Tories save New Labour skins

IN MAY the Tories announced they were abandoning their policy of re-introducing ‘grammar schools in every town.’ Their then education spokesperson, David Willetts, argued they could use New Labour’s education ‘reforms’ instead to establish the selective education system they wanted.

Clive Heemskerk

Private company-sponsored ‘Trust’, ‘Academy’ or ‘Foundation’ schools – controlling their own staff, admission policies and school assets – could become grammar schools by another name. That was the unspoken argument.

The unity of Tory and New Labour education policy was shown in a debate at the 18 July council meeting in Lewisham over the plan for a new secondary school for the north of the borough.

Local parents fought tirelessly for a new school ever since New Labour’s failed ‘Fresh Start’ policy led to Telegraph Hill school closing. Socialist Party councillor Ian Page first moved a council motion for a new school back in 2001.

New Labour councillors eventually agreed to a new school at Lewisham Bridge in north Lewisham after they lost their overall majority in last year’s council elections. But throughout the long campaign there was never any suggestion that the new school would be anything other than a local authority run community comprehensive school. Until now.

New Labour’s 2006 Education Act means councils can no longer just build and run a new school, they must hold a ‘competition’ to let trusts, foundations or academies ‘bid’ to run it.

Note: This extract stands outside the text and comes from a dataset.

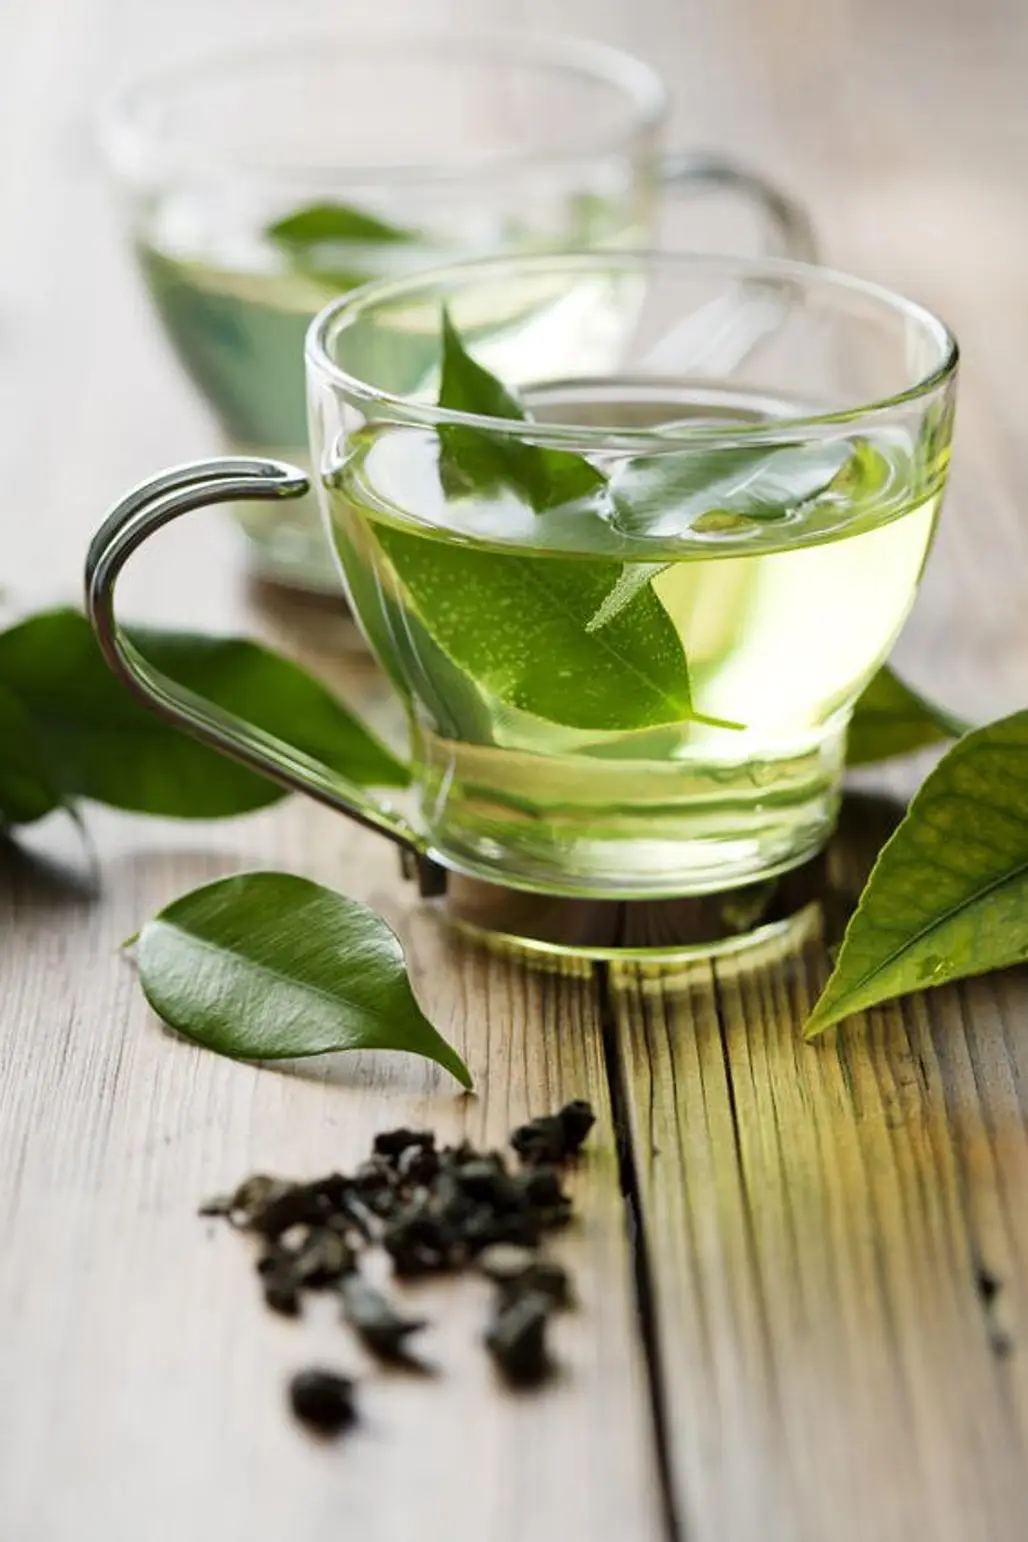 Sip a Mug of Green Tea for Great Skin

Councils can also put in a ‘bid’ for a community school but Lewisham’s New Labour mayor had decided not to, ensuring that the new school would not be under council control. So, five secondary schools in Lewisham would control their own admissions, widening the gap between the ‘best’ schools and the rest in, effectively, a new selective system.

At the meeting Socialist Party councillors Ian Page and Chris Flood moved a motion for Lewisham council to make a bid for a community school at Lewisham Bridge. While they criticised the whole damaging ‘competition’ legislation, they challenged Labour councillors to at least make the case for the new school to be a local authority comprehensive school. But they refused!

The mayor, Sir Steve Bullock, attacked the ‘1970s politics of futile gestures’. Other Labour councillors accused Ian and Chris of just trying to delay a new school. Ian responded that New Labour wanted to take us back to the 1870s, when education provision for working-class children was provided by charities or factory schools! And didn’t New Labour’s opposition to local parents’ call for a new school for over four years delay things slightly more than bidding now for a community school?

Green and Liberal Democratic councillors supported the motion but, fittingly, Tory councillors’ votes gave New Labour a majority. Tory councillors sit on the same side of the council chamber as New Labour.

When one Tory spoke he started by saying he was sympathetic to the motion and ‘I wish I could support it’. A parent in the public gallery shouted, ‘well, leave the Labour Party then’, mistaking him for a Labour councillor. But then, what is the difference?